Я заметил тень улыбки в уголках его губ. Он наслаждался этим как впивал и поклонение толпы. Он и не думал, как признавался мне позднее, что такое случится. Но не выказал и тени колебания — для него это не было внове.

Для него освободили проход, он вел прямо туда, в сердце людского моря, где собрались цари. Каждый царственный вождь должен был представиться своим союзникам. Настал черед Ахилла. Он ступил на берег, прошел вдоль приветствовавших его людей и остановился шагах в десяти от царей. Я шел в нескольких шагах позади него.

Нас ожидал Агамемнон. Острый нос его был подобен клюву орла, а в глазах читались алчность и острый ум.
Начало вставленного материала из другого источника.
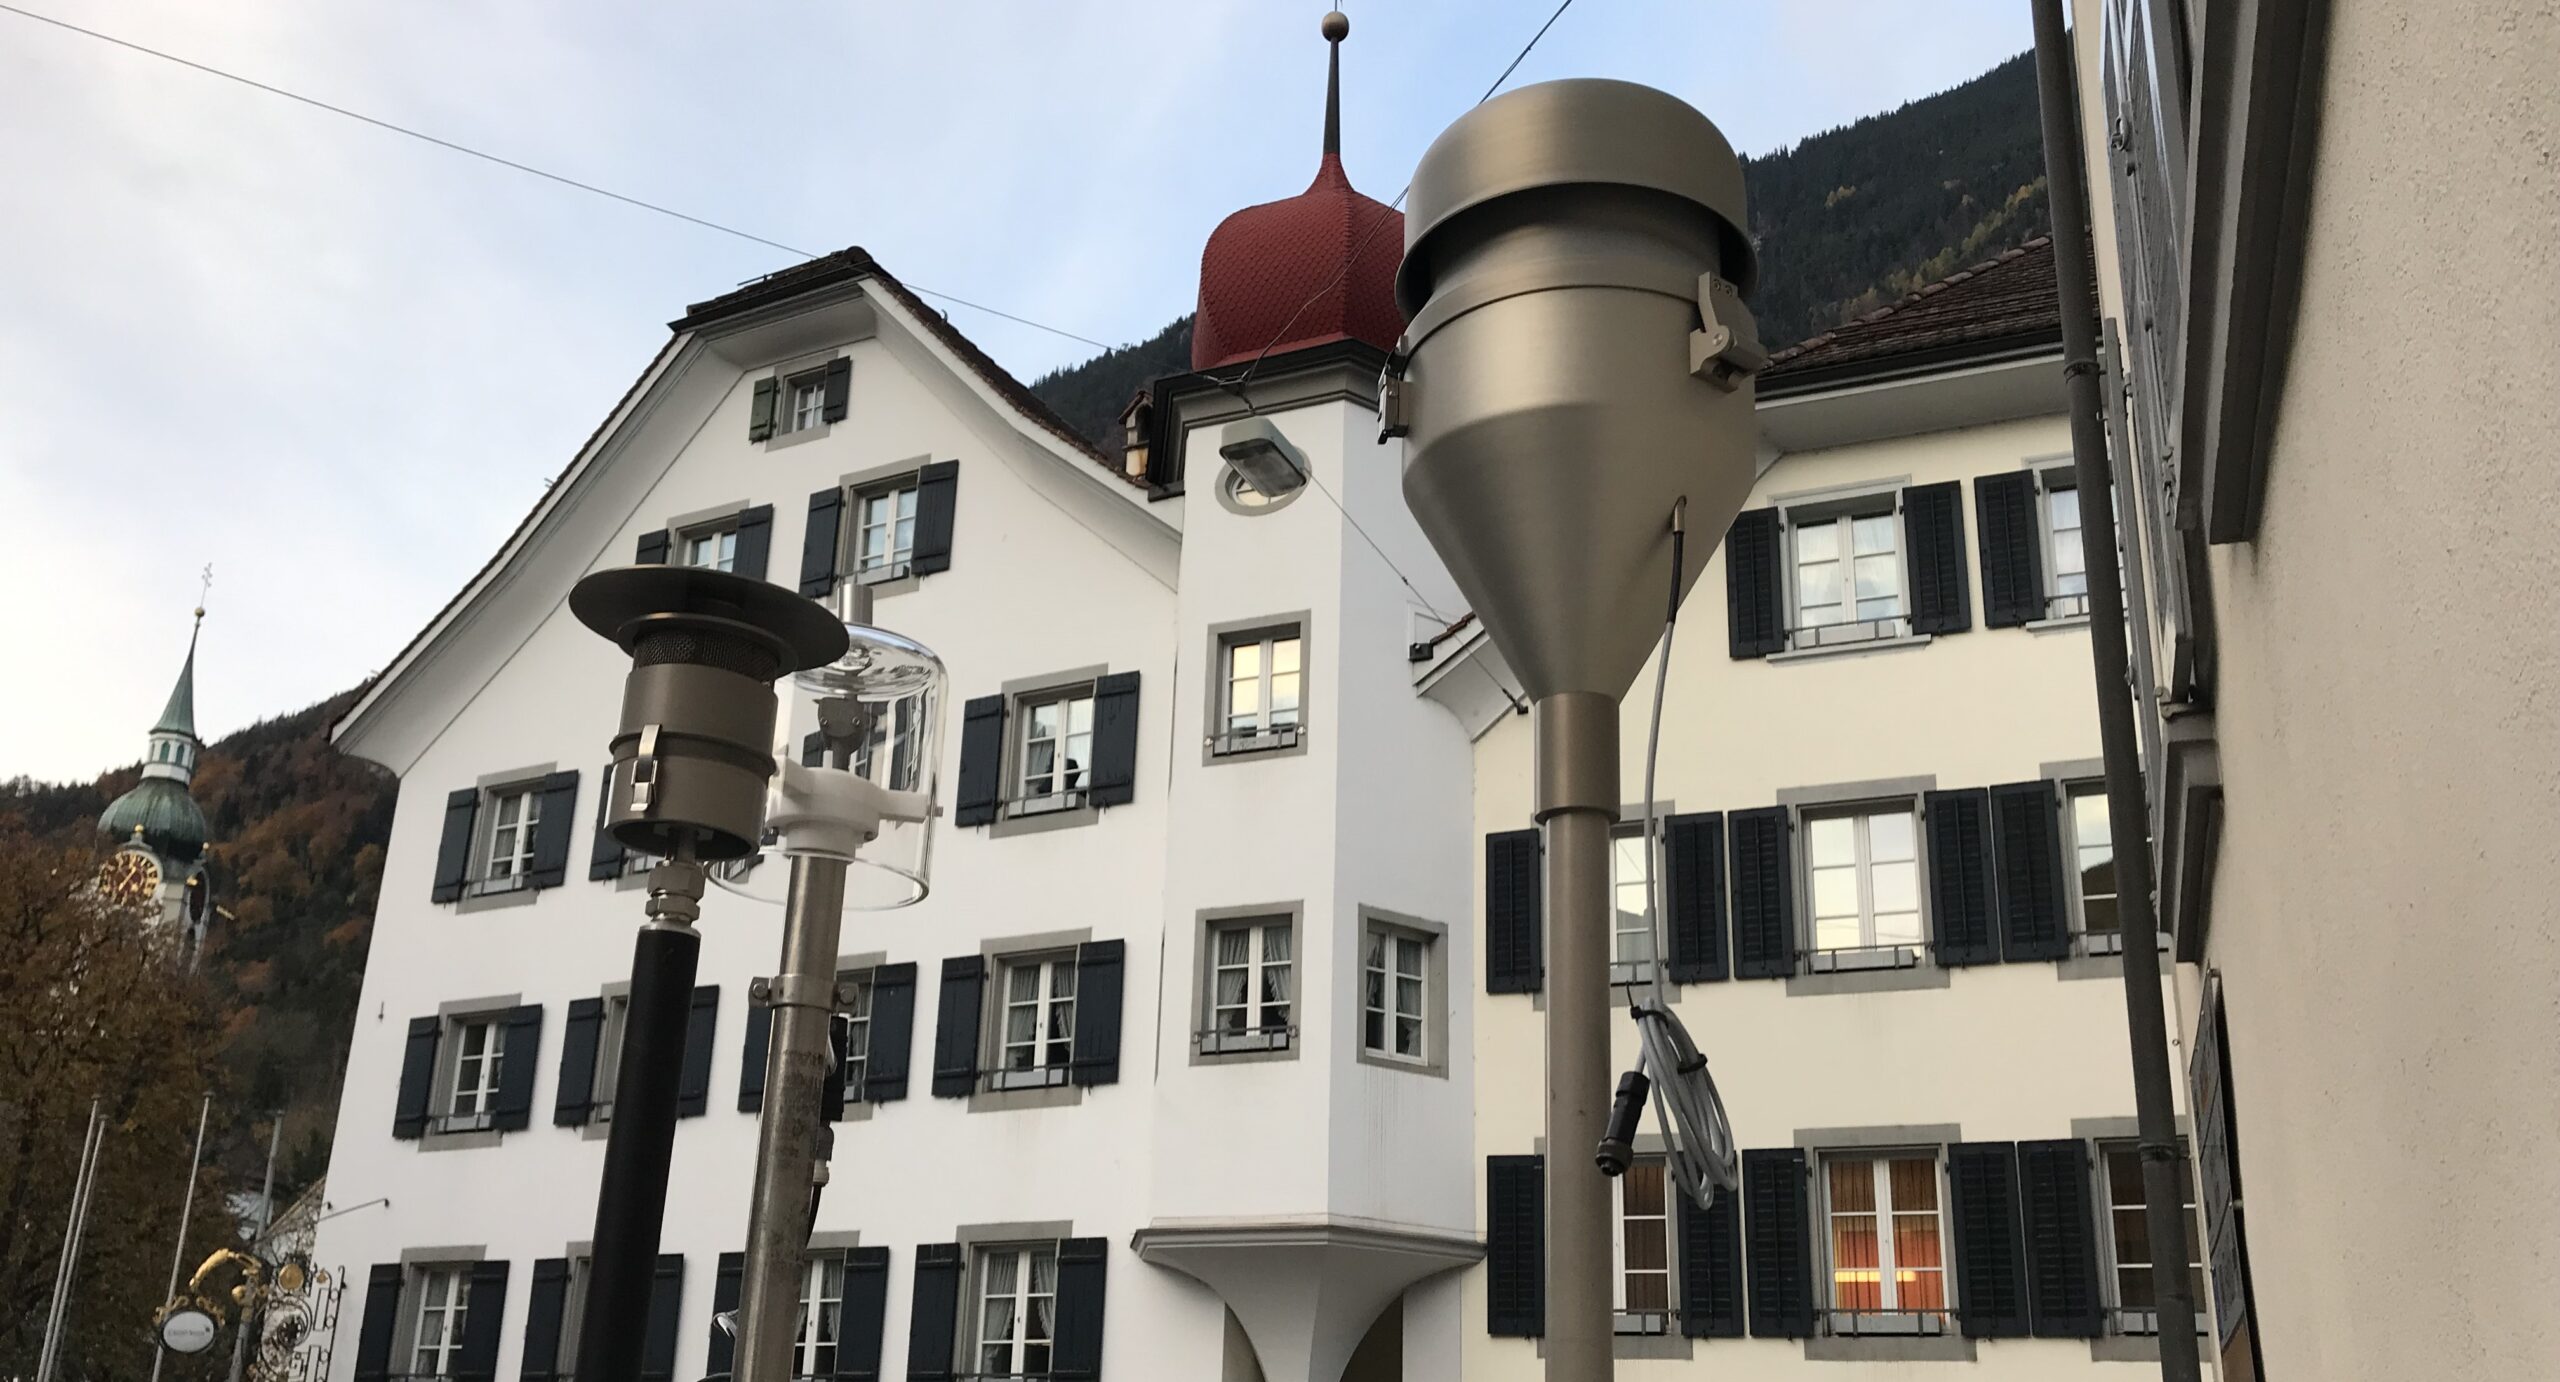 Unzureichende Luftqualität im Zentrum von Altdorf: WOV soll Besserung bringen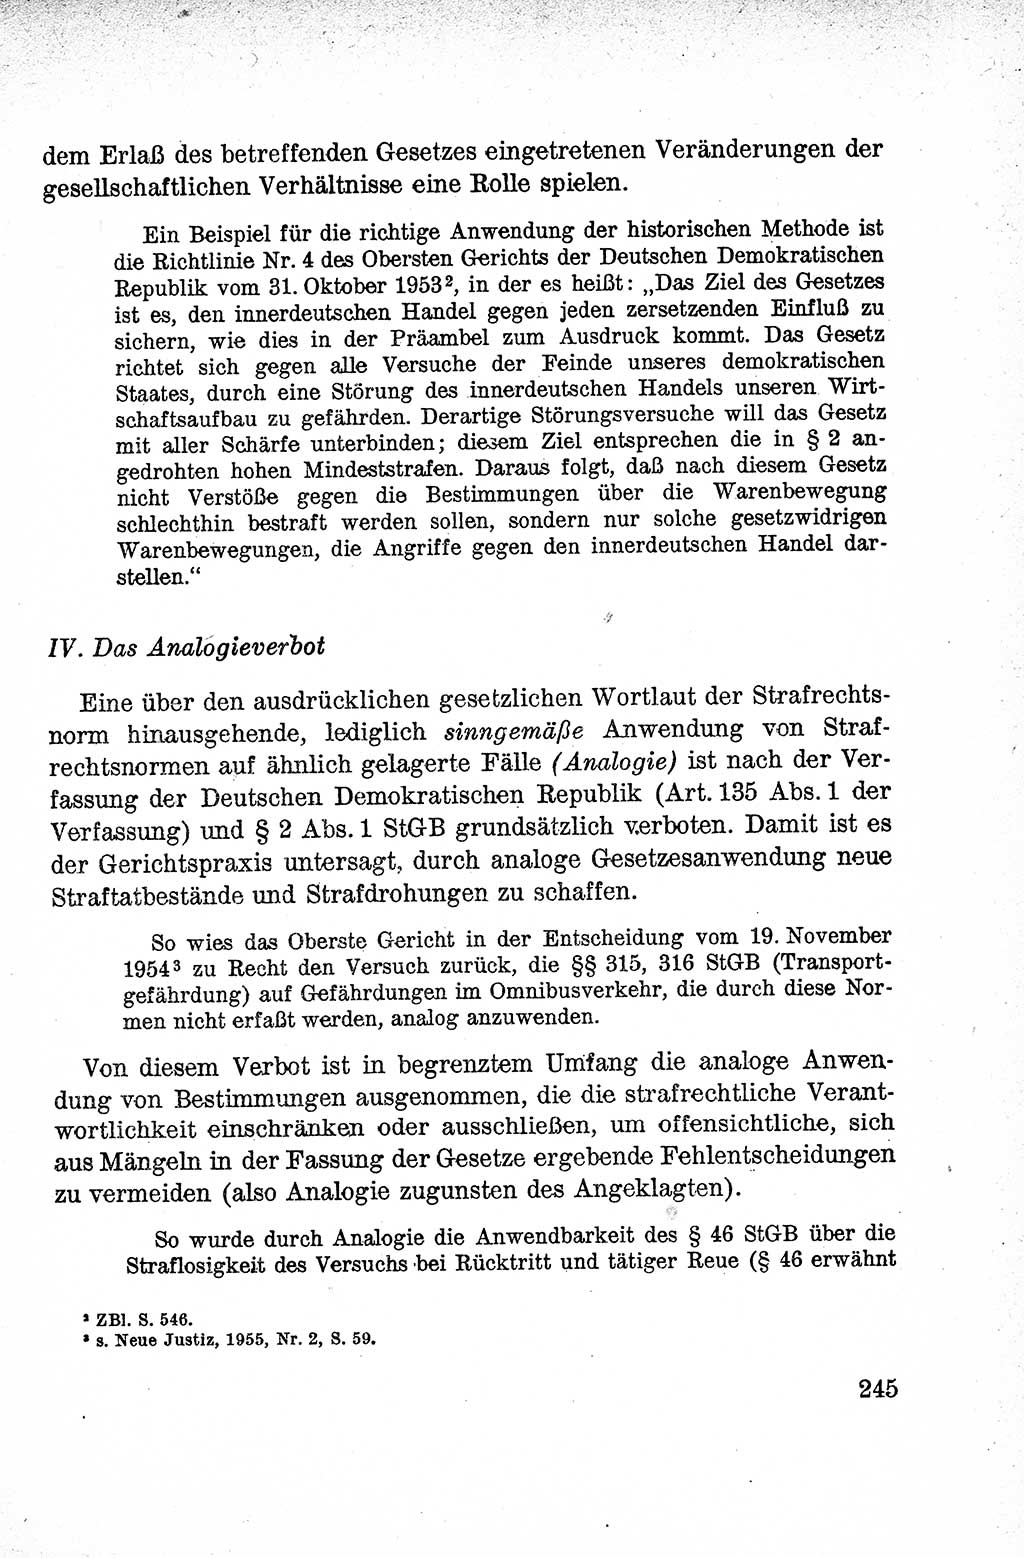 Lehrbuch des Strafrechts der Deutschen Demokratischen Republik (DDR), Allgemeiner Teil 1959, Seite 245 (Lb. Strafr. DDR AT 1959, S. 245)

Был он крепок и широк в плечах, и ноги его твердо попирали землю. Он казался одновременно зрелым мужем и битым жизнью — насколько мы знали, ему было уже за сорок. Справа от него, на почетном месте, стояли Одиссей и Диомед. Слева я увидел Менелая, царя Спарты и причину войны. Ярко-рыжие волосы, которые я запомнил со сватовства во дворце Тиндарея, теперь подернулись серебристыми нитями седины. Как и его брат, Менелай был высок и широк в груди, плечи его были сильны, как бычья выя. Темные глаза, крючковатый нос и другие обычные в их роду черты у Менелая были словно смягчены. Лицо у него было улыбчивым и приятным глазу, чего не доставало его брату.